For these studies, we used basilar arteries from near-term fetal (140 days) and nonpregnant adult sheep (2 yr) obtained from Nebeker Ranch (Lancaster, CA). All surgical and experimental procedures were performed within the regulations of the Animal Welfare Act, the National Institutes of Health Guide for the Care and Use of Laboratory Animals, "The Guiding Principles in the Care and Use of Animals" approved by the Council of the American Physiological Society, and the Animal Care and Use Committee of Loma Linda University.

Artery and Cell Isolation

We selected arteries from the same anatomic segments of adult and fetal basilar arteries to approximate segments of similar function and embryonic origin. Consequently, the adult and fetal arteries were of different size (300 vs. 200 µm). To determine whether arteries of different size within age groups have the same current densities, we sampled current densities from proximal and distal segments of both adult and fetal basilar arteries. We found no significant differences in current densities within age groups for arteries of different diameter.

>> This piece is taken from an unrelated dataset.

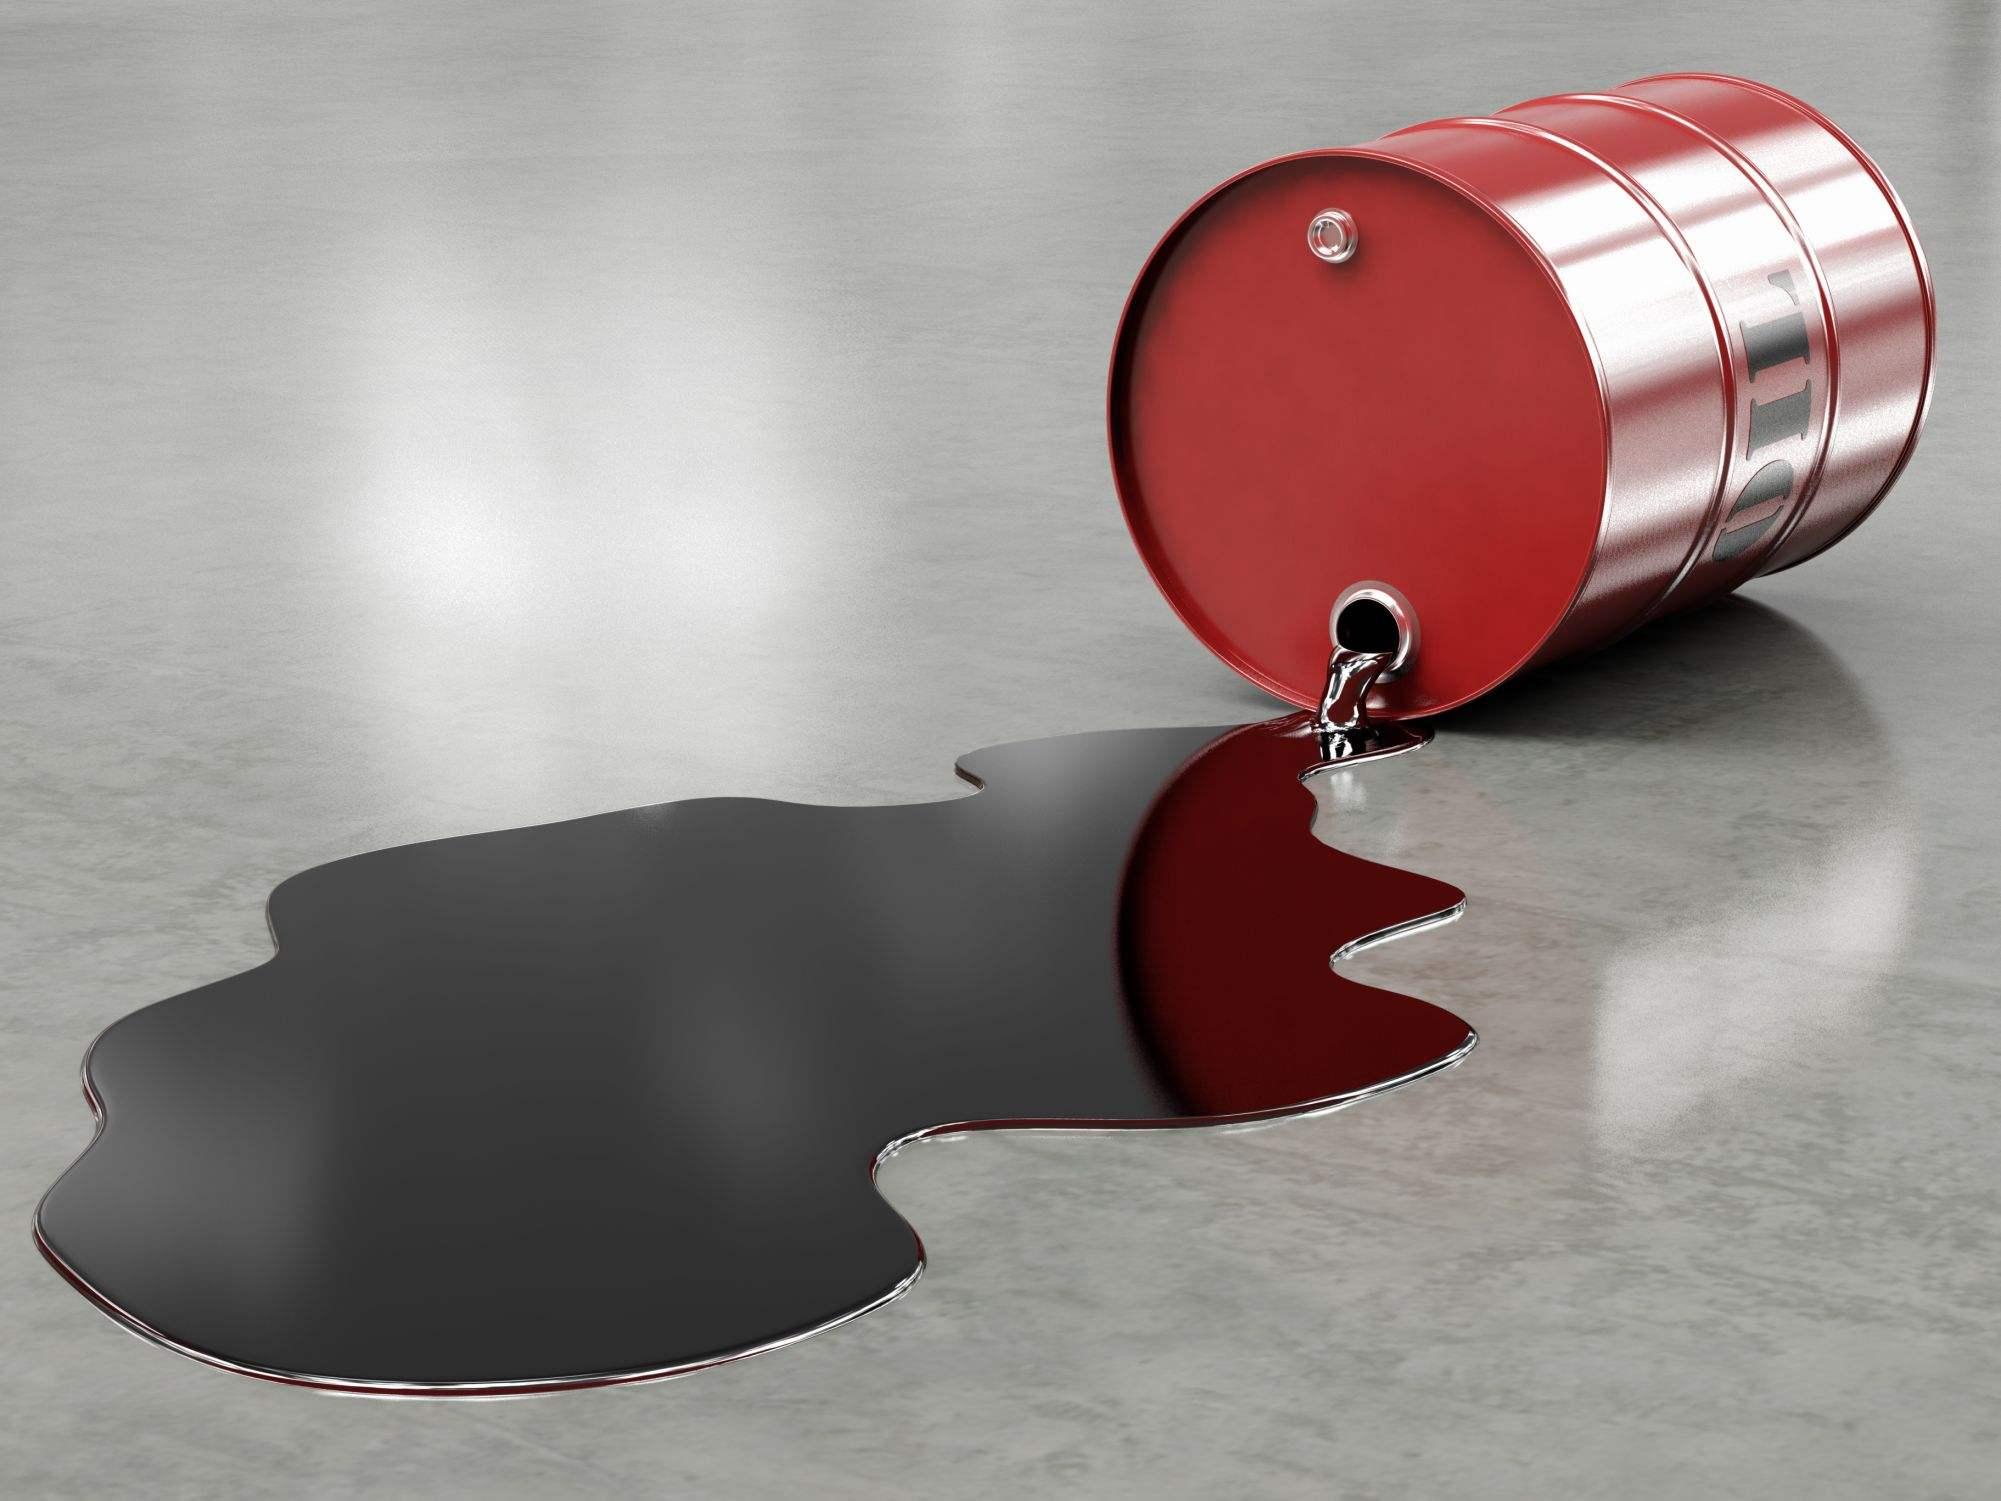 """原油交易提醒:沙特料不会推动原油""""武器化"""""""

Smooth muscle cells were enzymatically dissociated from dissected basilar arteries. The cell isolation procedure was modified from that previously described for rat cerebral arteries (34). Briefly, basilar arteries from adult (200–400 µm diameter) and fetal sheep (150–200 µm diameter) were cut into 1-mm² pieces and placed in HEPES-buffered solution containing 0.3 mg/ml papain (Worthington Biochemical; Lakewood, NJ) and 1 mg/ml dithioerythritol for 20 min (adult) or 10 min (fetus) at 37°C. The tissues were then transferred to a second incubation in HEPES-buffered solution containing 100 µM CaCl₂, 0.6 mg/ml collagenase type F, and 0.3 mg/ml collagenase type H (Sigma Blend Collagenase, Sigma; St. Louis, MO) and incubated for 12 min (adult) or 8 min (fetus) at 37°C. All of the enzymatic solutions also contained 1 mg/ml bovine serum albumin to minimize enzymatic effects on the cells. The digested tissue was triturated with a fire-polished, siliconized (Sigmacote, Sigma) glass Pasteur pipette to yield intact, separated smooth muscle cells. The cells were kept on ice and used within 6 h. To ensure that incubating the fetal and adult tissues in proteolytic solutions for the isolation procedure did not significantly alter the recorded current densities of the isolated cells, we incubated adult and fetal tissues in both papain and collagenase for varying times. We incubated adult arteries in papain for 20–40 min and in collagenase for 12–25 min and fetal arteries in papain for 10–20 min and in collagenase for 8–25 min. During these regimens of incubation, we observed no significant changes over time of incubation in the magnitude of outward current densities recorded from either the adult or fetal cells. Thus the proteolytic treatments we used were optimized to have no significant effect on the recorded outward currents in either age group.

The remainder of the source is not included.